Anoopa then told me about 'Amrita', who is Bhushan's biological sister. She was a shy, quiet, timid little girl who often got overlooked because she never came out to socialise. We were living testament to that because we didn't know her until Anoopa told us about her. We went to the shelter on Saturday the 11th, choosing to re-group on Friday. I crossed all my fingers and all my toes, wondering what my mother would say. We had come to an agreement that we would go through with the adoption ONLY if we both wanted it a hundred percent, because otherwise, it would never have worked out. It wouldn't have been fair to the dogs, to my mum and to me.
Meeting 'Amrita' was a blessing. She was shy, quiet, the polar opposite of DeeDee. She huddled in a corner and welcomed us in her meek way, with her tail wagging. I don't think Satan would have had a chance when it came to falling in love with her and her big needy eyes. Anoopa told us a little about her, her history and personality, talked to us a about taking them and how they would react. The two got along, which was a very good thing. We pulled out our list of questions and she answered all of them in as much detail as we needed. She was patient, kind and caring, even though the shelter was facing a new crisis with a box of 6 or 7 fifteen day old puppies.
We had our decision, and we had our kids. We went home and got the house ready. Training pads, water and food bowls, toys, leashes, collars and halters.
This morning arrived at 4:30am for me. Early would be an understatement. I was beyond excited and felt like a kid on Christmas and birthdays combined. We had decided to call 'Amrita' Dolly. We finally made it to the shelter at 12:30 and it was overrun with people and volunteers. We waited patiently, secretly enjoying the time to bond with our little girls.
I filled out the adoption papers, we put the leashes on and bid adieu to the Shelter after taking pictures and making promises to visit. I was scared of what could happen in the car ride back home, if they would be okay, if they would like me, if I could be who they needed. It felt like a huge daunting step that I was taking, but I was ready. More than ready!

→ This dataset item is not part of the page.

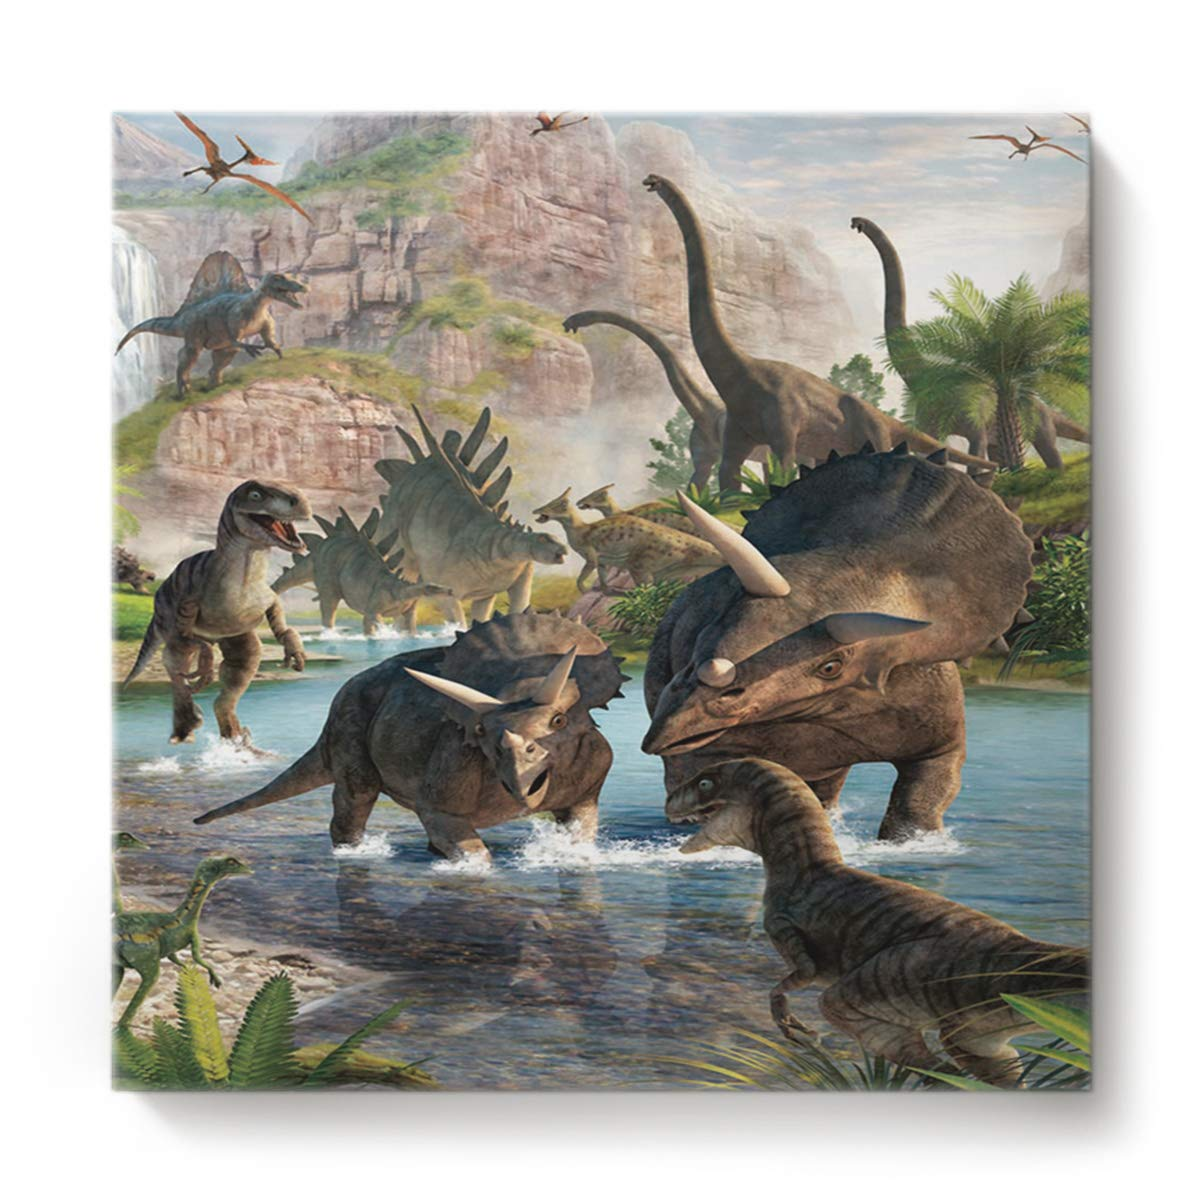 最新入荷 正方形キャンバスウォールアート 油絵 12 寝室 リビングルーム ホーム装飾 ホーム装飾 クールな3D恐竜 動物パターン 28 オフィスアートワーク 木製フレームで枠張り済み すぐに掛けられる 28 x 28 Inch 201810220NAAYAGYAGGSLEO00227NAAEYAG B07M8YBKJP 12 x 12 Inch|Dinosaur6yag1287 Dinosaur6yag1287 12 x 12 Inch, ミカミオンラインショップ:6f3ee69e --- itourtk.ru

We came home and mum and I thought they would both find a corner and curl up. We were sure that it would be stressful and they wouldn't eat or anything. Boy, were we mistaken. It was like they came alive!
DeeDee hadn't changed, she went around exploring every nook and cranny of the house, found her ball and played till we dropped dead, exhausted. She also christened our house with pee thrice. Even though she went out twice on the same day :/
Dolly on the other hand did a 180. She blossomed, running though the house like a mad woman, so excited to see what was going on, what were these strange things and barking and growling at the birds outside. She made her voice heard when a dog in the apartment complex spoke, she wagged her tail each time I looked at her and waited patiently while I took a shower. She found her spots quickly and alternated from napping to begging for treats and attention. She also was a rockstar, choosing to pee outside and not once inside!
DeeDee

Dolly
As I get ready for bed, I thank the universe for making this happen. I am so grateful to my mum, to who she is (crazy dog lover), to CUPA for existing and doing the amazing work that they do, to Osha (the shelter manager), Sanjana and Anoopa who played very important roles in making this happen. I wouldn't be writing this with a full, happy heart if it weren't for them.
Most of all, I am grateful to Gypsy for opening my soul to this unbelievable bond between human and dog, and to DeeDee and Dolly who have so graciously and eagerly allowed us into their lives and letting us love them and loving us in return.